I'm using playwright to extract data from a website and I want to use proxies which I get from this website : https://www.proxy-list.download/HTTPS. It doesn't work, and I'm wondering if this is because the proxies are free ? If this is the reason, can someone know where can i find proxies that will work ?
This is my code :
from playwright.sync_api import sync_playwright
import time
url = "https://www.momox-shop.fr/livres-romans-et-litterature-C055/"

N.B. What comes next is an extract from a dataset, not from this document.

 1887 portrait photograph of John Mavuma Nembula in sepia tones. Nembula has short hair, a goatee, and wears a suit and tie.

with sync_playwright() as p:
browser = p.firefox.launch(
headless=False,
proxy= {
'server': '209.166.175.201:3128'
})
page = browser.new_page()
page.goto(url)
time.sleep(5)
Thank you !
CodePudding user response:
Yes, according to your link, all proxies are "dead"

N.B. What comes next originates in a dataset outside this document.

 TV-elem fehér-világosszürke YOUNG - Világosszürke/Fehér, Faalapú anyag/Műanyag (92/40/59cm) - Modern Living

Before using proxies try checking them here is one possible solution:
import json
import requests
from pythonping import ping
from concurrent.futures import ThreadPoolExecutor
check_proxies_url = "https://httpbin.org/ip"
good_proxy = set()
# proxy_lst = requests.get("https://www.proxy-list.download/api/v1/get", params={"type": "https"})
# proxies = [proxy for proxy in proxy_lst.text.split('\r\n') if proxy]
proxy_lst = requests.get("http://proxylist.fatezero.org/proxy.list")
proxies = (f"{json.loads(data)['host']}:{json.loads(data)['port']}" for data in proxy_lst.text.split('\n') if data)
def get_proxies(proxy):
proxies = {
"https": proxy,
"http": proxy
}
try:
response = requests.get(url=check_proxies_url, proxies=proxies, timeout=2)
response.raise_for_status()
if ping(target=proxies["https"].split(':')[0], count=1, timeout=2).rtt_avg_ms < 150:
good_proxy.add(proxies["https"])
print(f"Good proxies: {proxies['https']}")
except Exception:
print(f"Bad proxy: {proxies['https']}")
with ThreadPoolExecutor() as executor:
executor.map(get_proxies, proxies)
print(good_proxy)
Get a list of active proxies with ping up to 150ms.
Output:
{'209.166.175.201:8080', '170.39.194.156:3128', '20.111.54.16:80', '20.111.54.16:8123'}
But in any case, this is a shared proxy and their performance is not guaranteed. If you want to be sure that your parser will work, then it is better to buy a proxy.
I ran your code with received proxy '170.39.194.156:3128'
and for now it works